Becksteinlab / GromacsWrapper

GromacsWrapper wraps system calls to GROMACS tools into thin Python classes (GROMACS 4.6.5 - 2024 supported).
https://gromacswrapper.readthedocs.org
GNU General Public License v3.0
169 stars 53 forks source link

Hi there. error for gmx.pdb2gmx() #227

Closed lichman0405 closed 2 years ago

lichman0405 commented 2 years ago

I have Gromacs 2022, and I pip install GromacsWrapper.
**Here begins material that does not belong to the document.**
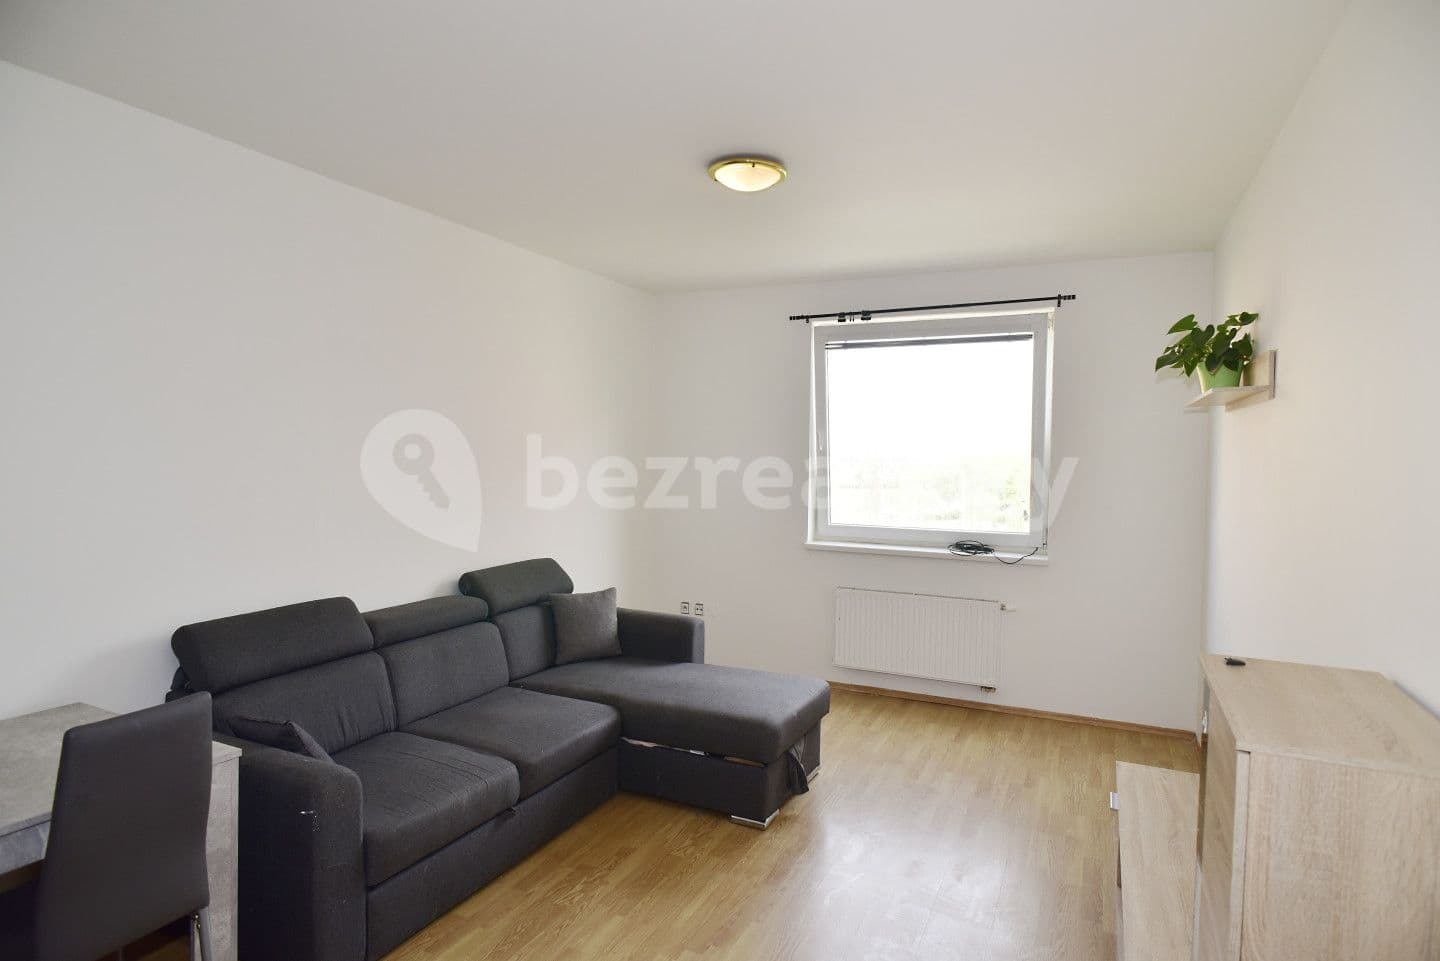 1 bedroom with open-plan kitchen flat for sale, 47 m², Buková, Jihlava, Vysočina Region
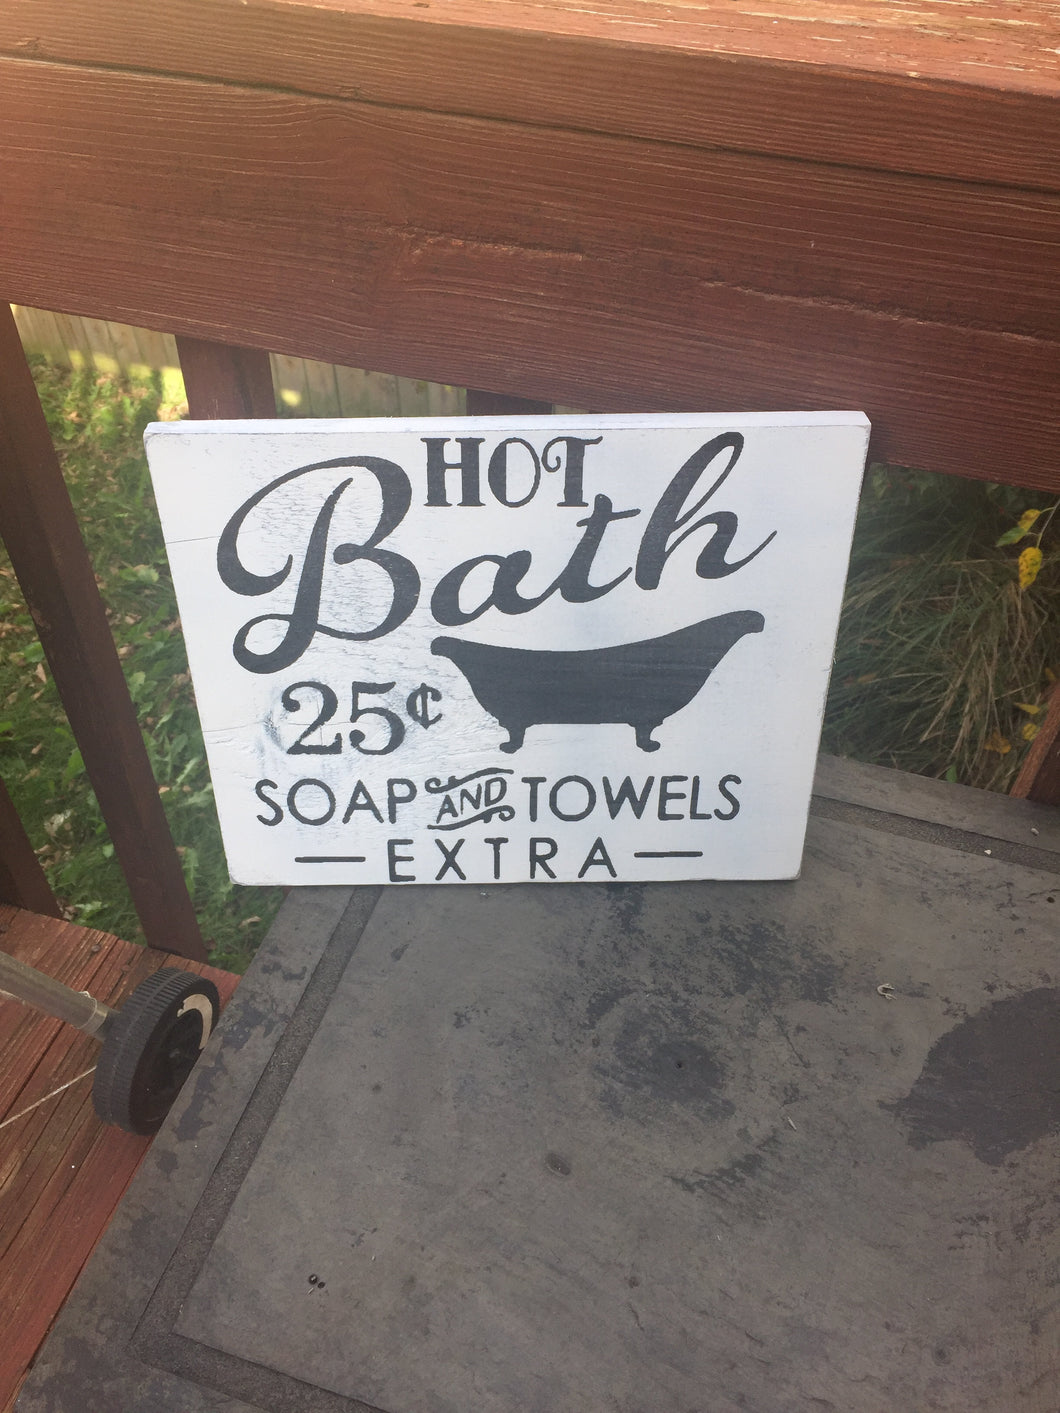 Hot Bath 25 Cents Farmhouse Bathroom Sign - Knot In Your House

When I tried to script the following code, it showed me the error:

Python 3.9.13 | packaged by conda-forge | (main, May 27 2022, 16:56:21) [GCC 10.3.0] on linux Type "help", "copyright", "credits" or "license" for more information.

import gromacs gromacs.pdb2gmx(f='1IEE.pdb', o='protein.gro', p='topo1.top', ff='oplssa', water='tip4p') :-) GROMACS - gmx pdb2gmx, 2022.2 (-:

Executable: /usr/local/gromacs/bin/gmx Data prefix: /usr/local/gromacs Working dir: /home/md Command line: gmx pdb2gmx -f 1IEE.pdb -o protein.gro -p topo1.top -ff oplssa -water tip4p


Program: gmx pdb2gmx, version 2022.2 Source file: src/gromacs/gmxpreprocess/pdb2top.cpp (line 227) Function: void choose_ff_impl(const char, char, int, char*, int, const gmx::MDLogger&)

Inconsistency in user input: Could not find force field 'oplssa' in current directory, install tree or GMXLIB path.

For more information and tips for troubleshooting, please check the GROMACS website at http://www.gromacs.org/Documentation/Errors

Traceback (most recent call last): File "", line 1, in File "/root/miniconda3/envs/DevEnv1/lib/python3.9/site-packages/gromacs/core.py", line 398, in call return self.run(*args, *kwargs) File "/root/miniconda3/envs/DevEnv1/lib/python3.9/site-packages/gromacs/core.py", line 178, in run results, p = self._run_command(_args, **_kwargs) File "/root/miniconda3/envs/DevEnv1/lib/python3.9/site-packages/gromacs/core.py", line 611, in _run_command self.check_failure(result, command_string=p.command_string) File "/root/miniconda3/envs/DevEnv1/lib/python3.9/site-packages/gromacs/core.py", line 566, in check_failure raise GromacsError(rc, msg) gromacs.exceptions.GromacsError: [Errno 1] Gromacs tool failed Command invocation: gmx pdb2gmx -f 1IEE.pdb -o protein.gro -p topo1.top -ff oplssa -water tip4p

Dose it mean I need to config some env-setting like GMXLIB path on bashrc?

orbeckst commented 2 years ago

Normally, pdb2gmx should find your force field just as if you invoked it from the command line.

Does the following

gmx pdb2gmx -f 1IEE.pdb -o protein.gro -p topo1.top -ff oplssa -water tip4p

work, i.e., running the command manually?

If not, then you probably need to source your GMXRC file or do something else so that GROMACS finds what it needs.

Once you get gmx pdb2gmx to run successfully, try it through GromacsWrapper again.